▶ [YOUR TASK]
Each record should be output exactly, with every character kept.
***
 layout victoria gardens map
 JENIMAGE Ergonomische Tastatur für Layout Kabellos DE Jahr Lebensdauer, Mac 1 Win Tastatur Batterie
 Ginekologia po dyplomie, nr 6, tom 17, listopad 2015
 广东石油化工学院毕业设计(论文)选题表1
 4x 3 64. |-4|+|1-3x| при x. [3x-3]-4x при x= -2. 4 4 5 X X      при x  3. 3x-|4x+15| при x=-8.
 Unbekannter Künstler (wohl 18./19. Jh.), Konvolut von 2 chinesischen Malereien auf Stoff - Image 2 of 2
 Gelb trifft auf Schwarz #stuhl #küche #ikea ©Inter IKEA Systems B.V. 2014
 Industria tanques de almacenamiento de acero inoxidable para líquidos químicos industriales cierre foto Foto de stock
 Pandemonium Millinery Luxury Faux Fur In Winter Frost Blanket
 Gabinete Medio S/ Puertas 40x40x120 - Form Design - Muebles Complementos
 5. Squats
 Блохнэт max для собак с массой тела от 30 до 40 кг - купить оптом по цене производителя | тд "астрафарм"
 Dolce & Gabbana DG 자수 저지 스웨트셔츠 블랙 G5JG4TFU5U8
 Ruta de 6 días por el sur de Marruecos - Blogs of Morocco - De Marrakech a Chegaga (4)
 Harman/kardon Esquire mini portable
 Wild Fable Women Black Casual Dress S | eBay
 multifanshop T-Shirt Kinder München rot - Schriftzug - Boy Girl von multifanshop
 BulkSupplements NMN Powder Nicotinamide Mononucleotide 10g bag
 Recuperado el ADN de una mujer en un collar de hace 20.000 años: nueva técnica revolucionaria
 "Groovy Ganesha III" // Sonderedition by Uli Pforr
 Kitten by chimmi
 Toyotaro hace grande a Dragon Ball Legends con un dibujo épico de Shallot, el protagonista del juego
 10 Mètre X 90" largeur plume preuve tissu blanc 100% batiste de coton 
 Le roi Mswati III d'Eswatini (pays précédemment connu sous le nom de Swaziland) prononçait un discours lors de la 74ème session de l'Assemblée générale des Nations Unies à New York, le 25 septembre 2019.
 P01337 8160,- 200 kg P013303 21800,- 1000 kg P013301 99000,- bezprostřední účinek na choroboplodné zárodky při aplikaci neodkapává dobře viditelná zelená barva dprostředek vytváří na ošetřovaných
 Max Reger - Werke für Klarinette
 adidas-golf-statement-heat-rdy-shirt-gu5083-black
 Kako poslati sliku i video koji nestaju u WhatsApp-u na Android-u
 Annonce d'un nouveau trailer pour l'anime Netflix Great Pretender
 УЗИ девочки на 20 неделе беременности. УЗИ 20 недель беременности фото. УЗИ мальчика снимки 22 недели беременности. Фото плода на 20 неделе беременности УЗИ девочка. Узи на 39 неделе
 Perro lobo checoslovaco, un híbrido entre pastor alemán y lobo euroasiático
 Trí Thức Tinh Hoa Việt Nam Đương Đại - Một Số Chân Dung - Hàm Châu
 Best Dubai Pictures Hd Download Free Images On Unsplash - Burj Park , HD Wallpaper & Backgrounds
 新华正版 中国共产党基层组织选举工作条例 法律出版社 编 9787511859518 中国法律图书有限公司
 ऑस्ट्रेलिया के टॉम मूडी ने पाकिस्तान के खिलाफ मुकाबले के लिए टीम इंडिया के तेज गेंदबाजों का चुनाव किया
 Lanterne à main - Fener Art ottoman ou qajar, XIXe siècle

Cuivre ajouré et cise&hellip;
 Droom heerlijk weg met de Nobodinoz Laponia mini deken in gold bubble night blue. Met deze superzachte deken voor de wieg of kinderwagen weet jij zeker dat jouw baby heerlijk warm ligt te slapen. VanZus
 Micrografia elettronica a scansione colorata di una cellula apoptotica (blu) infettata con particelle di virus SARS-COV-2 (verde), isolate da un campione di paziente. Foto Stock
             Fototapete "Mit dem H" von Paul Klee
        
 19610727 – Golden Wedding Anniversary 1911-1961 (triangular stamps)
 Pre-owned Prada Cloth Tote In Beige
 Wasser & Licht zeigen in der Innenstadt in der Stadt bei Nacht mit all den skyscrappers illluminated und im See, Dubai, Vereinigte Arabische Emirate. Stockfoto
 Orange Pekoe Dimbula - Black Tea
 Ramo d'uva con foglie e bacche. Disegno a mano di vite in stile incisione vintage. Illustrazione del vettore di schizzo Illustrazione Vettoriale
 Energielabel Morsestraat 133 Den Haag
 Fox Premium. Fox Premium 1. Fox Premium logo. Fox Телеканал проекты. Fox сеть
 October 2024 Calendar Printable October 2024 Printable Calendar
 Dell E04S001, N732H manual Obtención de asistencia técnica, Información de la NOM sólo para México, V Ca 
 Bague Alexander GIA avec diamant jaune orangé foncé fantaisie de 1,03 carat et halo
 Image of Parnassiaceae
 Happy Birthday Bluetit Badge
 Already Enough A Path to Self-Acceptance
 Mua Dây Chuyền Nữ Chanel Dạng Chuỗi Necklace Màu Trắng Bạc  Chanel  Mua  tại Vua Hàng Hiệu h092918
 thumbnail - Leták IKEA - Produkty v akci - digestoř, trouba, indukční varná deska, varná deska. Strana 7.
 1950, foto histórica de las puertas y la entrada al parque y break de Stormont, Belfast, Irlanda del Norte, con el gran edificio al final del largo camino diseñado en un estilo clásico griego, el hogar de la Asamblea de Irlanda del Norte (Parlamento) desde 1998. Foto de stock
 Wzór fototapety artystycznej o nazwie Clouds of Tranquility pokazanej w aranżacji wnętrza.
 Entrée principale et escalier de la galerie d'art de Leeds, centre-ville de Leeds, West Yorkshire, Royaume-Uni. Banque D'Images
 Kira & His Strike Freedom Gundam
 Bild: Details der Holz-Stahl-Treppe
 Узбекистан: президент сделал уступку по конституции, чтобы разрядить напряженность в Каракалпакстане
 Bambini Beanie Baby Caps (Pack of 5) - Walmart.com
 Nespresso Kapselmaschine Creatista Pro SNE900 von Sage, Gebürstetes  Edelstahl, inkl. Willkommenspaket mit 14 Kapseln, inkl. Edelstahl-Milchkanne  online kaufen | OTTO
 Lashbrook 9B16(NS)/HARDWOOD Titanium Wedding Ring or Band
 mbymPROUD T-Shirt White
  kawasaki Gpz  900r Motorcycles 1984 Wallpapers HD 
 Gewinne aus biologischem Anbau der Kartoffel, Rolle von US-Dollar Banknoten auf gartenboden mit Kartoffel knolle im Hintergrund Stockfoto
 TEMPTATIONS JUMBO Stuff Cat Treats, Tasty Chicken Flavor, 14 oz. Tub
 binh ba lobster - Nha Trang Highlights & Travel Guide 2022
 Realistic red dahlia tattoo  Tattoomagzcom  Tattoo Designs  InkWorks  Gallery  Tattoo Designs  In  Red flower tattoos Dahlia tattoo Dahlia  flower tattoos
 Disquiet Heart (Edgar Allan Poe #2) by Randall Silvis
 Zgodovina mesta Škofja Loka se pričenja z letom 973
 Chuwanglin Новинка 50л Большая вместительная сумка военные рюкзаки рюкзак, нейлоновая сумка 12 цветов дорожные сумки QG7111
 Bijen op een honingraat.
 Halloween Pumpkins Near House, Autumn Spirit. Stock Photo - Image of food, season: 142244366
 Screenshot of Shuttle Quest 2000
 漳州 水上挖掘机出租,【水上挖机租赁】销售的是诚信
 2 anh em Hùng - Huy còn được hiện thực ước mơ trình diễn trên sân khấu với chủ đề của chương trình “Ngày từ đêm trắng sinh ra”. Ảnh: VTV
***
▶ [EXERCISE ANSWER]
 layout victoria gardens map
 JENIMAGE Ergonomische Tastatur für Layout Kabellos DE Jahr Lebensdauer, Mac 1 Win Tastatur Batterie
 Ginekologia po dyplomie, nr 6, tom 17, listopad 2015
 广东石油化工学院毕业设计(论文)选题表1
 4x 3 64. |-4|+|1-3x| при x. [3x-3]-4x при x= -2. 4 4 5 X X      при x  3. 3x-|4x+15| при x=-8.
 Unbekannter Künstler (wohl 18./19. Jh.), Konvolut von 2 chinesischen Malereien auf Stoff - Image 2 of 2
 Gelb trifft auf Schwarz #stuhl #küche #ikea ©Inter IKEA Systems B.V. 2014
 Industria tanques de almacenamiento de acero inoxidable para líquidos químicos industriales cierre foto Foto de stock
 Pandemonium Millinery Luxury Faux Fur In Winter Frost Blanket
 Gabinete Medio S/ Puertas 40x40x120 - Form Design - Muebles Complementos
 5. Squats
 Блохнэт max для собак с массой тела от 30 до 40 кг - купить оптом по цене производителя | тд "астрафарм"
 Dolce & Gabbana DG 자수 저지 스웨트셔츠 블랙 G5JG4TFU5U8
 Ruta de 6 días por el sur de Marruecos - Blogs of Morocco - De Marrakech a Chegaga (4)
 Harman/kardon Esquire mini portable
 Wild Fable Women Black Casual Dress S | eBay
 multifanshop T-Shirt Kinder München rot - Schriftzug - Boy Girl von multifanshop
 BulkSupplements NMN Powder Nicotinamide Mononucleotide 10g bag
 Recuperado el ADN de una mujer en un collar de hace 20.000 años: nueva técnica revolucionaria
 "Groovy Ganesha III" // Sonderedition by Uli Pforr
 Kitten by chimmi
 Toyotaro hace grande a Dragon Ball Legends con un dibujo épico de Shallot, el protagonista del juego
 10 Mètre X 90" largeur plume preuve tissu blanc 100% batiste de coton 
 Le roi Mswati III d'Eswatini (pays précédemment connu sous le nom de Swaziland) prononçait un discours lors de la 74ème session de l'Assemblée générale des Nations Unies à New York, le 25 septembre 2019.
 P01337 8160,- 200 kg P013303 21800,- 1000 kg P013301 99000,- bezprostřední účinek na choroboplodné zárodky při aplikaci neodkapává dobře viditelná zelená barva dprostředek vytváří na ošetřovaných
 Max Reger - Werke für Klarinette
 adidas-golf-statement-heat-rdy-shirt-gu5083-black
 Kako poslati sliku i video koji nestaju u WhatsApp-u na Android-u
 Annonce d'un nouveau trailer pour l'anime Netflix Great Pretender
 УЗИ девочки на 20 неделе беременности. УЗИ 20 недель беременности фото. УЗИ мальчика снимки 22 недели беременности. Фото плода на 20 неделе беременности УЗИ девочка. Узи на 39 неделе
 Perro lobo checoslovaco, un híbrido entre pastor alemán y lobo euroasiático
 Trí Thức Tinh Hoa Việt Nam Đương Đại - Một Số Chân Dung - Hàm Châu
 Best Dubai Pictures Hd Download Free Images On Unsplash - Burj Park , HD Wallpaper & Backgrounds
 新华正版 中国共产党基层组织选举工作条例 法律出版社 编 9787511859518 中国法律图书有限公司
 ऑस्ट्रेलिया के टॉम मूडी ने पाकिस्तान के खिलाफ मुकाबले के लिए टीम इंडिया के तेज गेंदबाजों का चुनाव किया
 Lanterne à main - Fener Art ottoman ou qajar, XIXe siècle

Cuivre ajouré et cise&hellip;
 Droom heerlijk weg met de Nobodinoz Laponia mini deken in gold bubble night blue. Met deze superzachte deken voor de wieg of kinderwagen weet jij zeker dat jouw baby heerlijk warm ligt te slapen. VanZus
 Micrografia elettronica a scansione colorata di una cellula apoptotica (blu) infettata con particelle di virus SARS-COV-2 (verde), isolate da un campione di paziente. Foto Stock
             Fototapete "Mit dem H" von Paul Klee
        
 19610727 – Golden Wedding Anniversary 1911-1961 (triangular stamps)
 Pre-owned Prada Cloth Tote In Beige
 Wasser & Licht zeigen in der Innenstadt in der Stadt bei Nacht mit all den skyscrappers illluminated und im See, Dubai, Vereinigte Arabische Emirate. Stockfoto
 Orange Pekoe Dimbula - Black Tea
 Ramo d'uva con foglie e bacche. Disegno a mano di vite in stile incisione vintage. Illustrazione del vettore di schizzo Illustrazione Vettoriale
 Energielabel Morsestraat 133 Den Haag
 Fox Premium. Fox Premium 1. Fox Premium logo. Fox Телеканал проекты. Fox сеть
 October 2024 Calendar Printable October 2024 Printable Calendar
 Dell E04S001, N732H manual Obtención de asistencia técnica, Información de la NOM sólo para México, V Ca 
 Bague Alexander GIA avec diamant jaune orangé foncé fantaisie de 1,03 carat et halo
 Image of Parnassiaceae
 Happy Birthday Bluetit Badge
 Already Enough A Path to Self-Acceptance
 Mua Dây Chuyền Nữ Chanel Dạng Chuỗi Necklace Màu Trắng Bạc  Chanel  Mua  tại Vua Hàng Hiệu h092918
 thumbnail - Leták IKEA - Produkty v akci - digestoř, trouba, indukční varná deska, varná deska. Strana 7.
 1950, foto histórica de las puertas y la entrada al parque y break de Stormont, Belfast, Irlanda del Norte, con el gran edificio al final del largo camino diseñado en un estilo clásico griego, el hogar de la Asamblea de Irlanda del Norte (Parlamento) desde 1998. Foto de stock
 Wzór fototapety artystycznej o nazwie Clouds of Tranquility pokazanej w aranżacji wnętrza.
 Entrée principale et escalier de la galerie d'art de Leeds, centre-ville de Leeds, West Yorkshire, Royaume-Uni. Banque D'Images
 Kira & His Strike Freedom Gundam
 Bild: Details der Holz-Stahl-Treppe
 Узбекистан: президент сделал уступку по конституции, чтобы разрядить напряженность в Каракалпакстане
 Bambini Beanie Baby Caps (Pack of 5) - Walmart.com
 Nespresso Kapselmaschine Creatista Pro SNE900 von Sage, Gebürstetes  Edelstahl, inkl. Willkommenspaket mit 14 Kapseln, inkl. Edelstahl-Milchkanne  online kaufen | OTTO
 Lashbrook 9B16(NS)/HARDWOOD Titanium Wedding Ring or Band
 mbymPROUD T-Shirt White
  kawasaki Gpz  900r Motorcycles 1984 Wallpapers HD 
 Gewinne aus biologischem Anbau der Kartoffel, Rolle von US-Dollar Banknoten auf gartenboden mit Kartoffel knolle im Hintergrund Stockfoto
 TEMPTATIONS JUMBO Stuff Cat Treats, Tasty Chicken Flavor, 14 oz. Tub
 binh ba lobster - Nha Trang Highlights & Travel Guide 2022
 Realistic red dahlia tattoo  Tattoomagzcom  Tattoo Designs  InkWorks  Gallery  Tattoo Designs  In  Red flower tattoos Dahlia tattoo Dahlia  flower tattoos
 Disquiet Heart (Edgar Allan Poe #2) by Randall Silvis
 Zgodovina mesta Škofja Loka se pričenja z letom 973
 Chuwanglin Новинка 50л Большая вместительная сумка военные рюкзаки рюкзак, нейлоновая сумка 12 цветов дорожные сумки QG7111
 Bijen op een honingraat.
 Halloween Pumpkins Near House, Autumn Spirit. Stock Photo - Image of food, season: 142244366
 Screenshot of Shuttle Quest 2000
 漳州 水上挖掘机出租,【水上挖机租赁】销售的是诚信
 2 anh em Hùng - Huy còn được hiện thực ước mơ trình diễn trên sân khấu với chủ đề của chương trình “Ngày từ đêm trắng sinh ra”. Ảnh: VTV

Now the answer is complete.